# PA4


## Task 1

In this predictive system, the "mystery" here is that the second dataset encodes an XOR-style pattern, which no strictly linear classifier can perfectly fit. 

In the first dataset, you can easily draw a single straight-line in the four-dimensional one-hot feature space and separate the "sun" from the others. That's why the perceptron can achieve 100% accuracy with the first dataset.

However, there is a XOR in the second dataset, which means it's not linearly separable. Since both the perceptron and linearSVC can only learn linear decision boundaries, they cannot solve this XOR pattern.

We tried two solutions to solve the problem.

In [1]:
from sklearn.feature_extraction import DictVectorizer
from sklearn.linear_model import Perceptron
from sklearn.svm import LinearSVC
from sklearn.metrics import accuracy_score
from sklearn.pipeline import make_pipeline

X1 = [{'city':'Gothenburg', 'month':'July'},
      {'city':'Gothenburg', 'month':'December'},
      {'city':'Paris', 'month':'July'},
      {'city':'Paris', 'month':'December'}]
Y1 = ['rain', 'rain', 'sun', 'rain']

X2 = [{'city':'Sydney', 'month':'July'},
      {'city':'Sydney', 'month':'December'},
      {'city':'Paris', 'month':'July'},
      {'city':'Paris', 'month':'December'}]
Y2 = ['rain', 'sun', 'sun', 'rain']

classifier1 = make_pipeline(DictVectorizer(), Perceptron(max_iter=10))
classifier1.fit(X1, Y1)
guesses1 = classifier1.predict(X1)
print(accuracy_score(Y1, guesses1))

classifier2 = make_pipeline(DictVectorizer(), Perceptron(max_iter=10))
#classifier2 = make_pipeline(DictVectorizer(), LinearSVC())
classifier2.fit(X2, Y2)
guesses2 = classifier2.predict(X2)
print(accuracy_score(Y2, guesses2))

1.0
0.5


In [2]:
%cd D:/code/AML/Applied-Machine-Learning-Lab/PA4

[Errno 2] No such file or directory: 'D:/code/AML/Applied-Machine-Learning-Lab/PA4'
/Users/richardhua/dev/Applied-Machine-Learning-Lab/PA4


  bkms = self.shell.db.get('bookmarks', {})


In [3]:
import os, sys, importlib.util
print("CWD       :", os.getcwd())           # 当前工作目录
print("sys.path0 :", sys.path[0])          # Python 查找模块的首级路径
print("aml_spec  :", importlib.util.find_spec("aml_perceptron"))

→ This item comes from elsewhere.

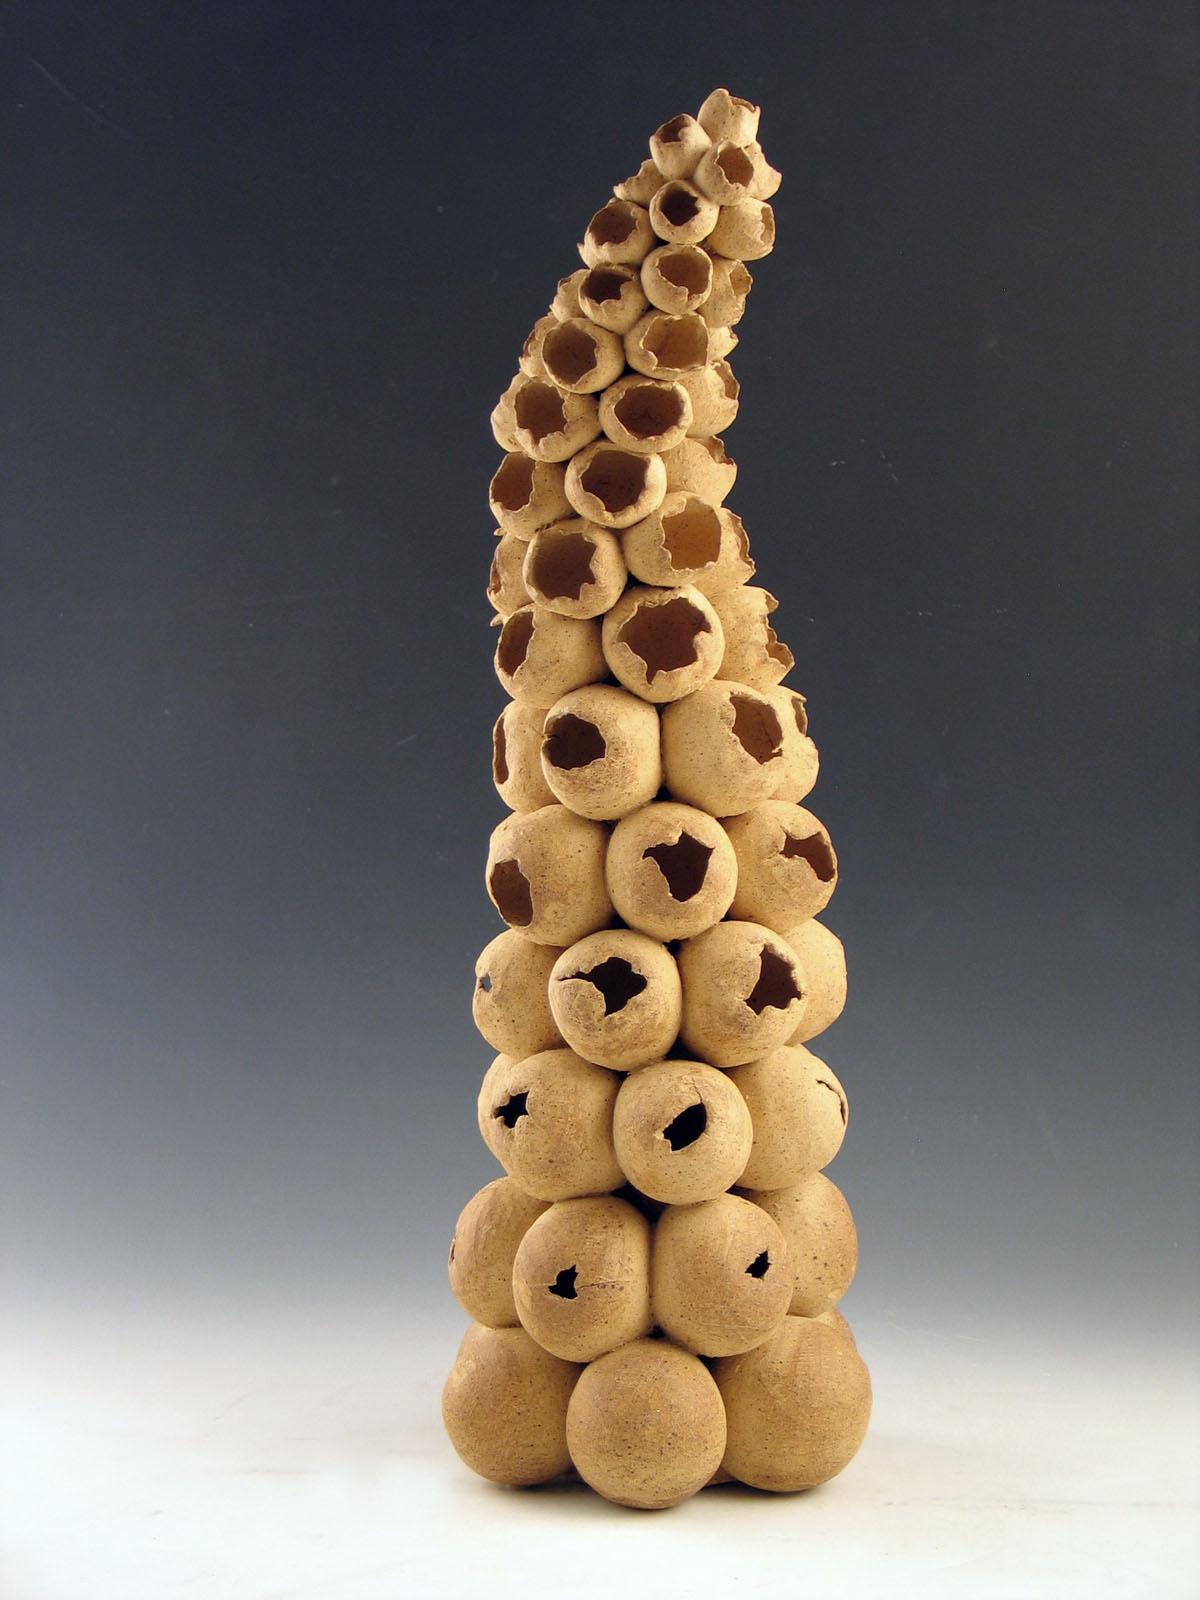 “Unfulfilled”, ceramic form covered with speckled beige seedpods - Abstract Sculpture by Elaine Lorenz

CWD       : /Users/richardhua/dev/Applied-Machine-Learning-Lab/PA4
sys.path0 : /Library/Developer/CommandLineTools/Library/Frameworks/Python3.framework/Versions/3.9/lib/python39.zip
aml_spec  : ModuleSpec(name='aml_perceptron', loader=<_frozen_importlib_external.SourceFileLoader object at 0x103195bb0>, origin='/Users/richardhua/dev/Applied-Machine-Learning-Lab/PA4/aml_perceptron.py')

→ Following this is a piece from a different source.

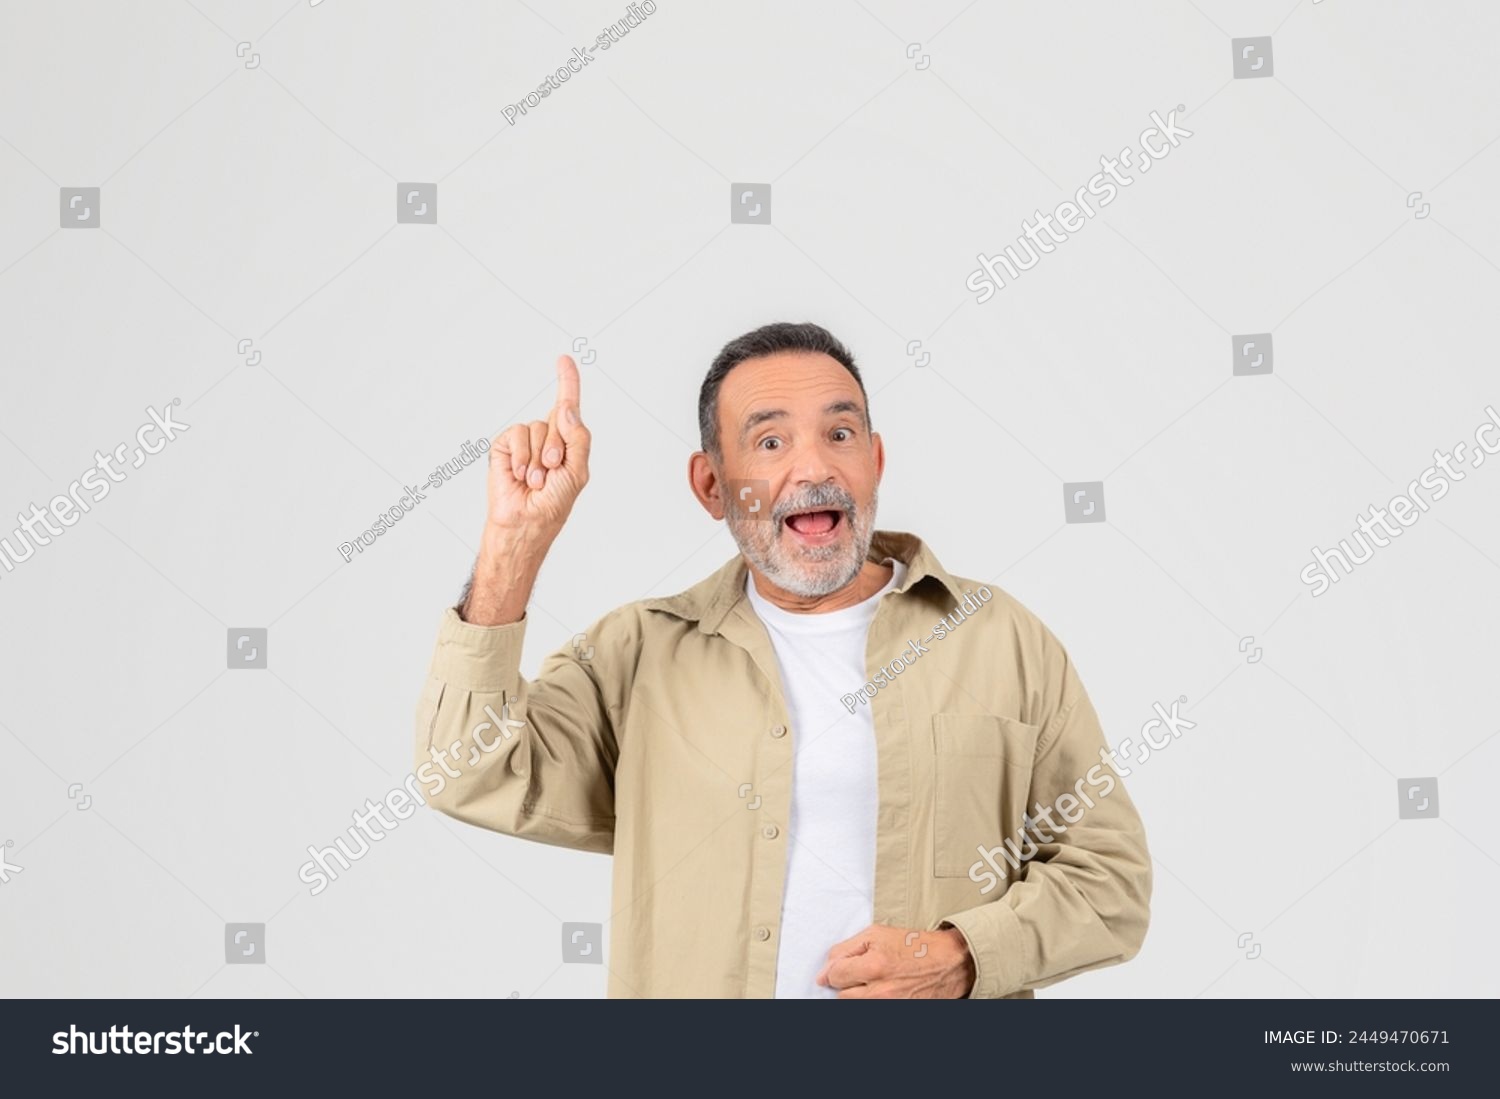 An old man shows excitement, pointing up enthusiastically, isolated on a neutral background, copy space #2449470671

**Add an intrerction feature**   
We added an interaction feature to introduce a new feature (i.e., city_month) so that "Sydney_July" becomes its own one-hot. Thus, a linear model on those will fit.

In [4]:
X2_inter = []
for x in X2:
    xi = x.copy()
    xi['city_month'] = f"{x['city']}_{x['month']}"
    X2_inter.append(xi)

print(X2_inter)

[{'city': 'Sydney', 'month': 'July', 'city_month': 'Sydney_July'}, {'city': 'Sydney', 'month': 'December', 'city_month': 'Sydney_December'}, {'city': 'Paris', 'month': 'July', 'city_month': 'Paris_July'}, {'city': 'Paris', 'month': 'December', 'city_month': 'Paris_December'}]


In [5]:
clf = make_pipeline(
    DictVectorizer(),
    Perceptron(max_iter=10)
)
clf.fit(X2_inter, Y2)
print("Accuracy with interaction:", accuracy_score(Y2, clf.predict(X2_inter)))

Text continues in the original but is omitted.